И он возвратил мне всю пачку гранок.
Каратыгинское стихотворение начиналось так:
Ты умер, дорогой товарищ,
Владыка огнекрылых слов,
Певец борьбы, певец пожарищ,
Певец расторгнутых оков...
Похороны вышли не очень торжественные, несмотря на все старания наших уполномоченных.

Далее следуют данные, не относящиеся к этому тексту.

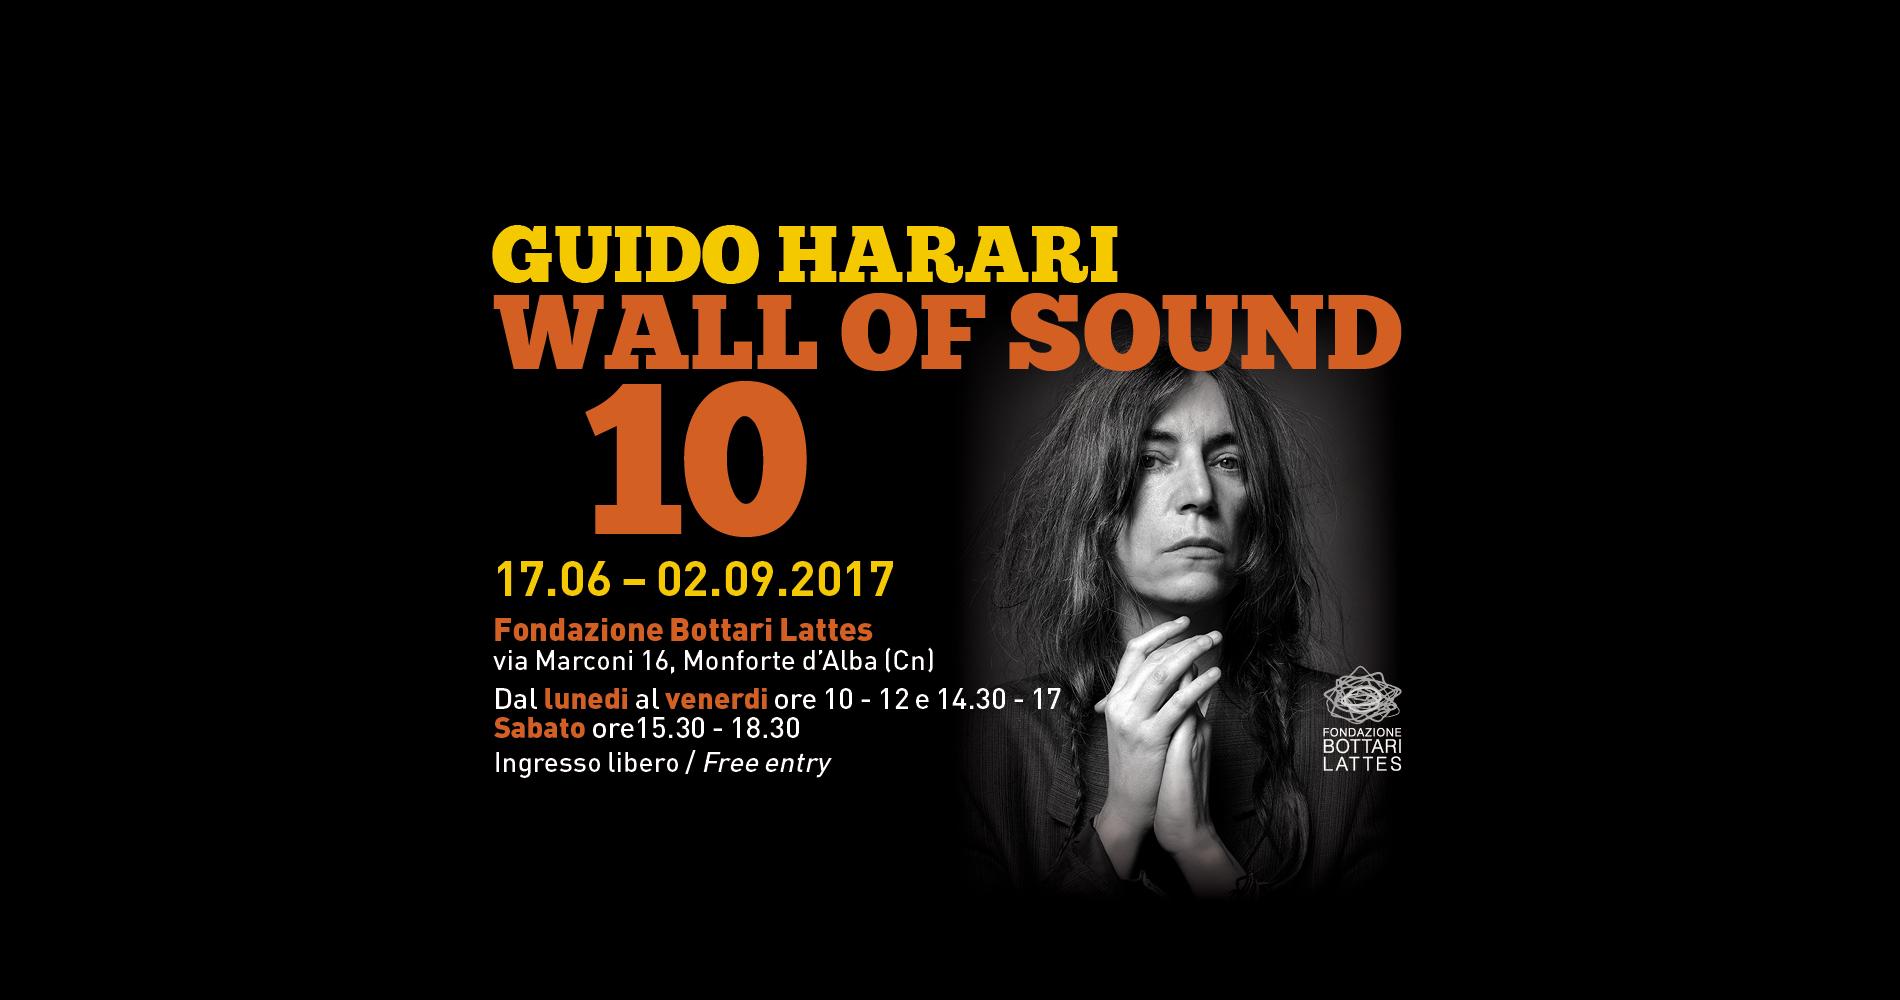 """Gli scatti di Guido Harari alla mostra """"Wall of Sound 10"""""""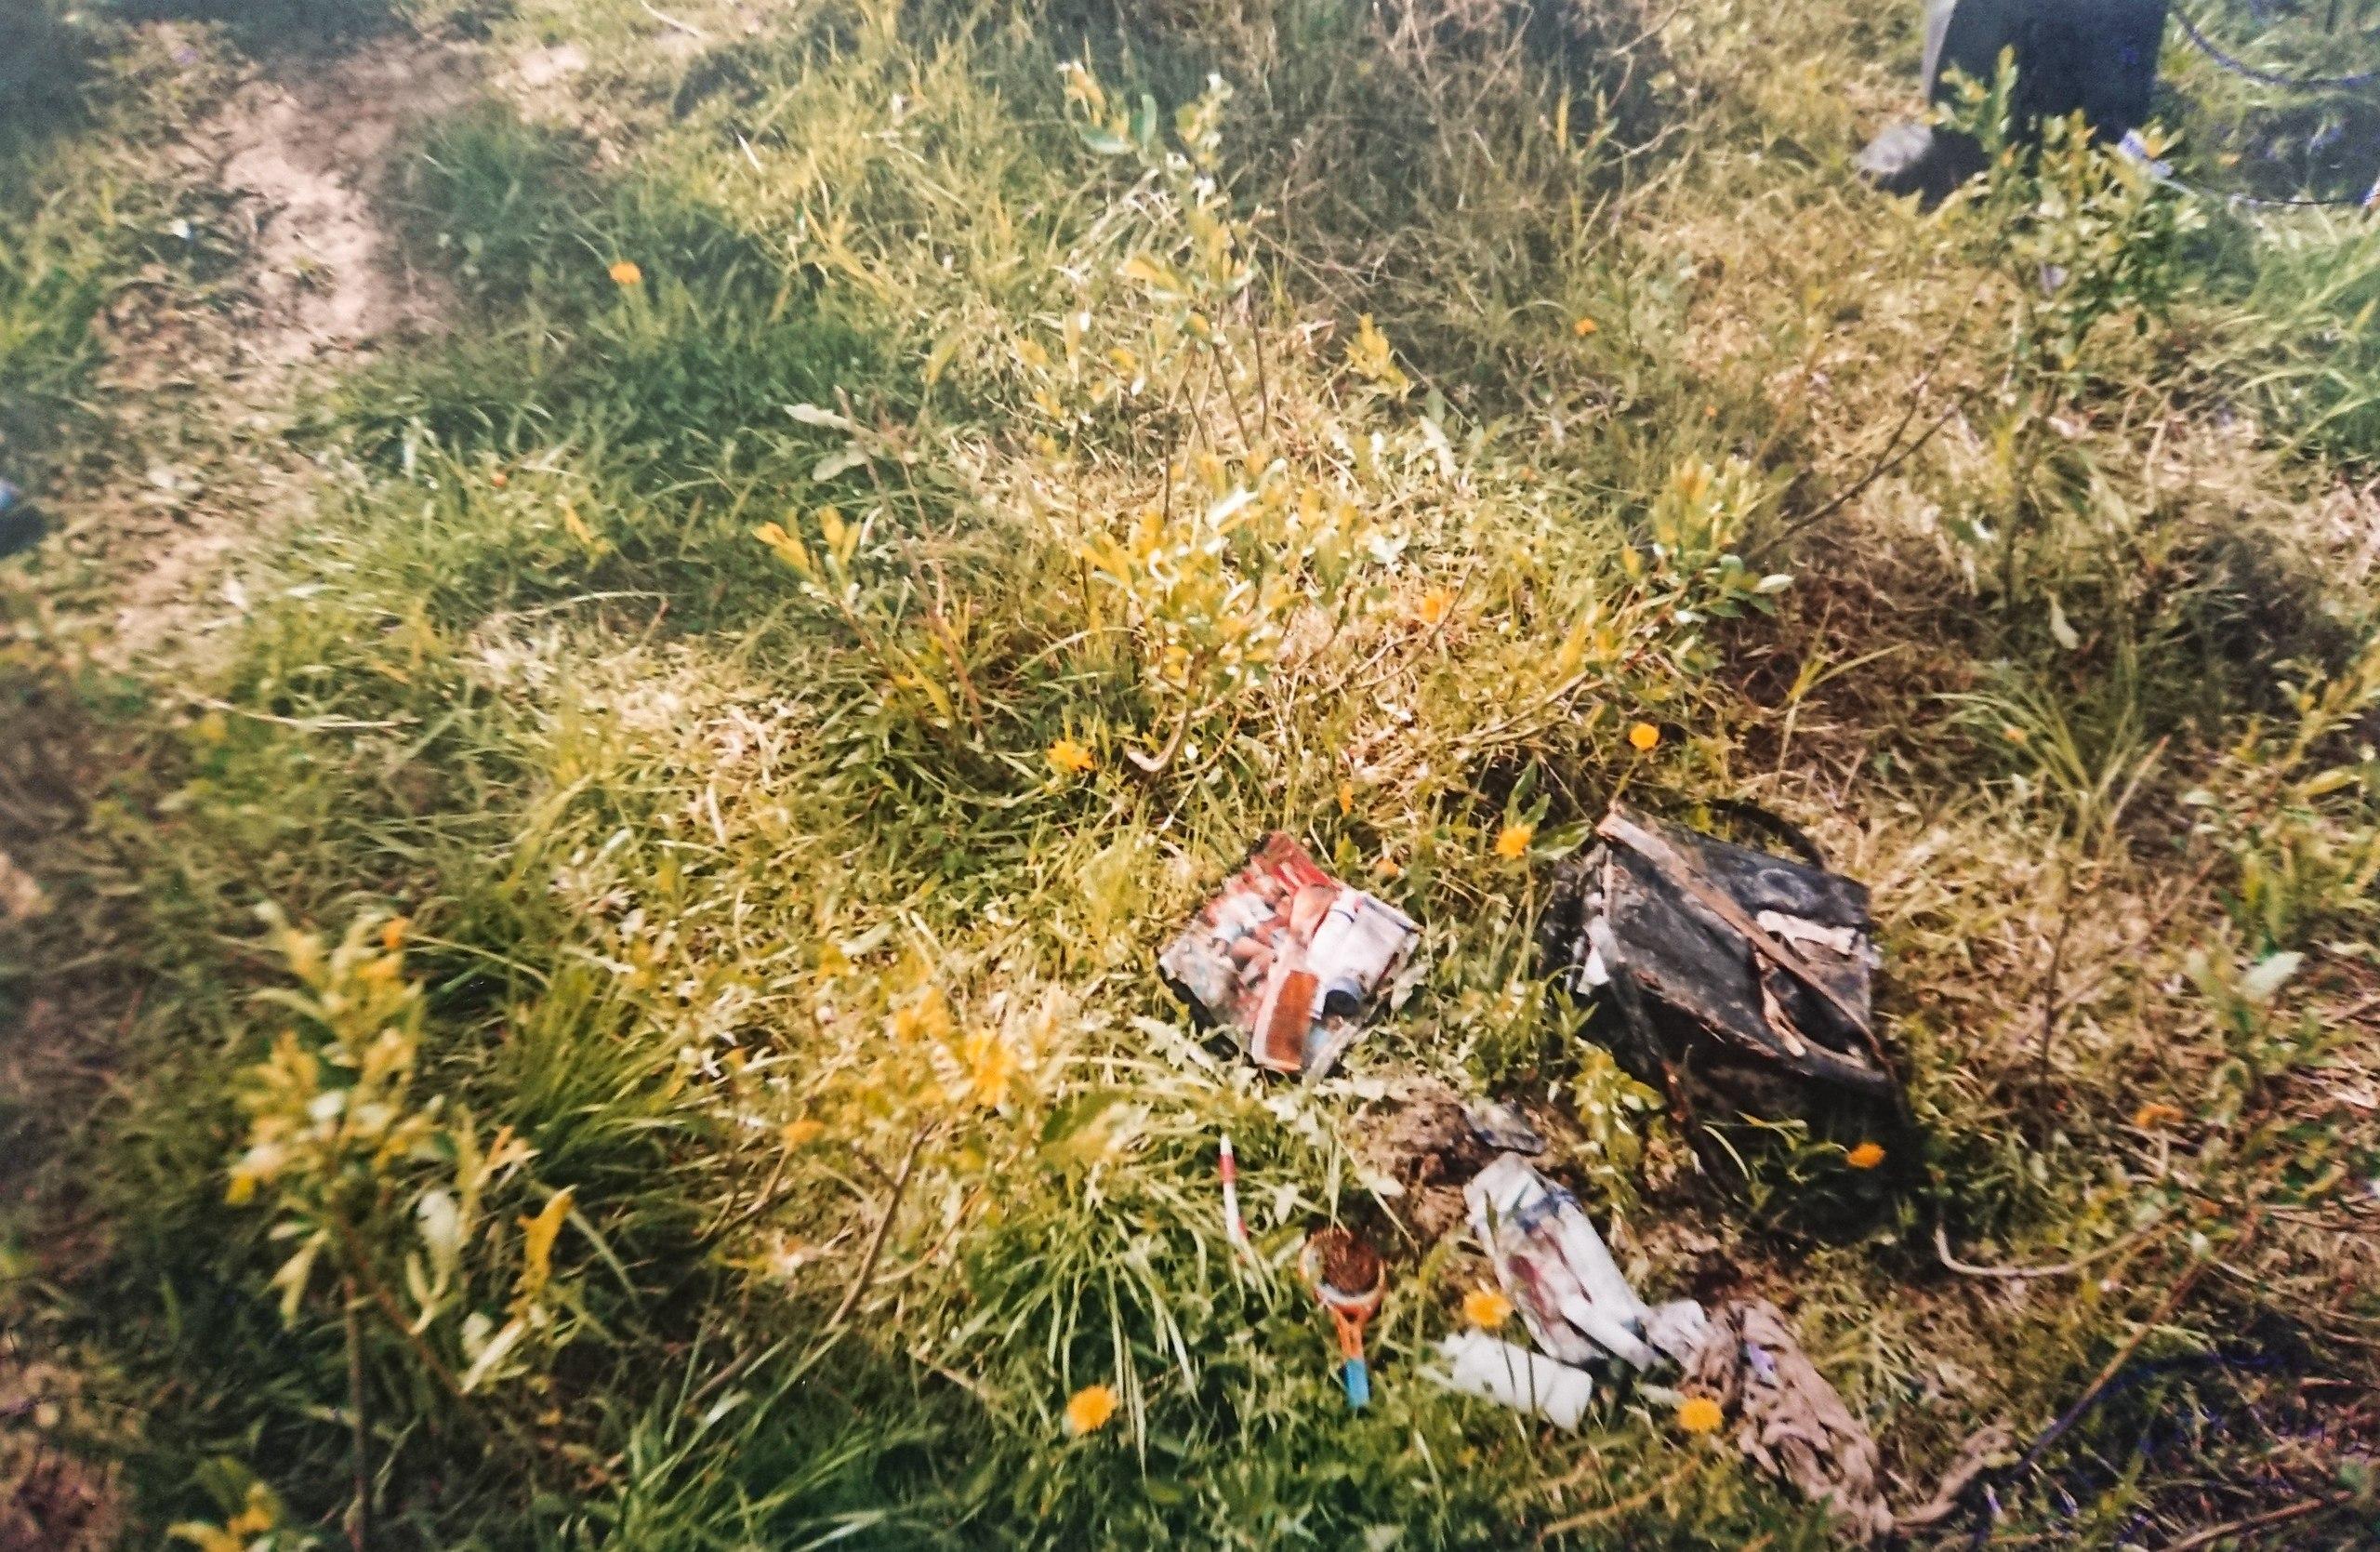 В Твери раскрыли жестокое убийство девочки, совершенное 18 лет назад - новости Афанасий

Дожди миновали, и наводнение спадало, город понемногу успокаивался и затихал. Но был он все такой же истерзанный и черный. Солнце не показывалось из-за плотной завесы облаков. День похорон был тусклый, очень ветреный. Подвода с двумя гробами двигалась медленно, сотрясаясь на ухабах, колеса увязали в густой, глубокой грязи. Лошадь часто останавливалась, выбившись из сил, и возница-красноармеец, шагавший рядом, принимался нахлестывать ее веревочной вожжой. Тогда подвода снова трогалась.
Первым за гробами следовал Алешка Морозов в новых, Сашенькиных сапогах; их сильно забрызгало грязью, летевшей от колес. Рядом, под руку с Каратыгиным, с трудом пробирался Иван Яковлевич, поминутно оскользаясь и охая. За ними - Сугробов, Занозин, только что выписавшийся из госпиталя, бледный и почти неузнаваемый из-за того, что сбрил свою бородку, Коровин, Тейтельбаум, другие актеры; весь, поредевший от болезней и смертей, политотдел.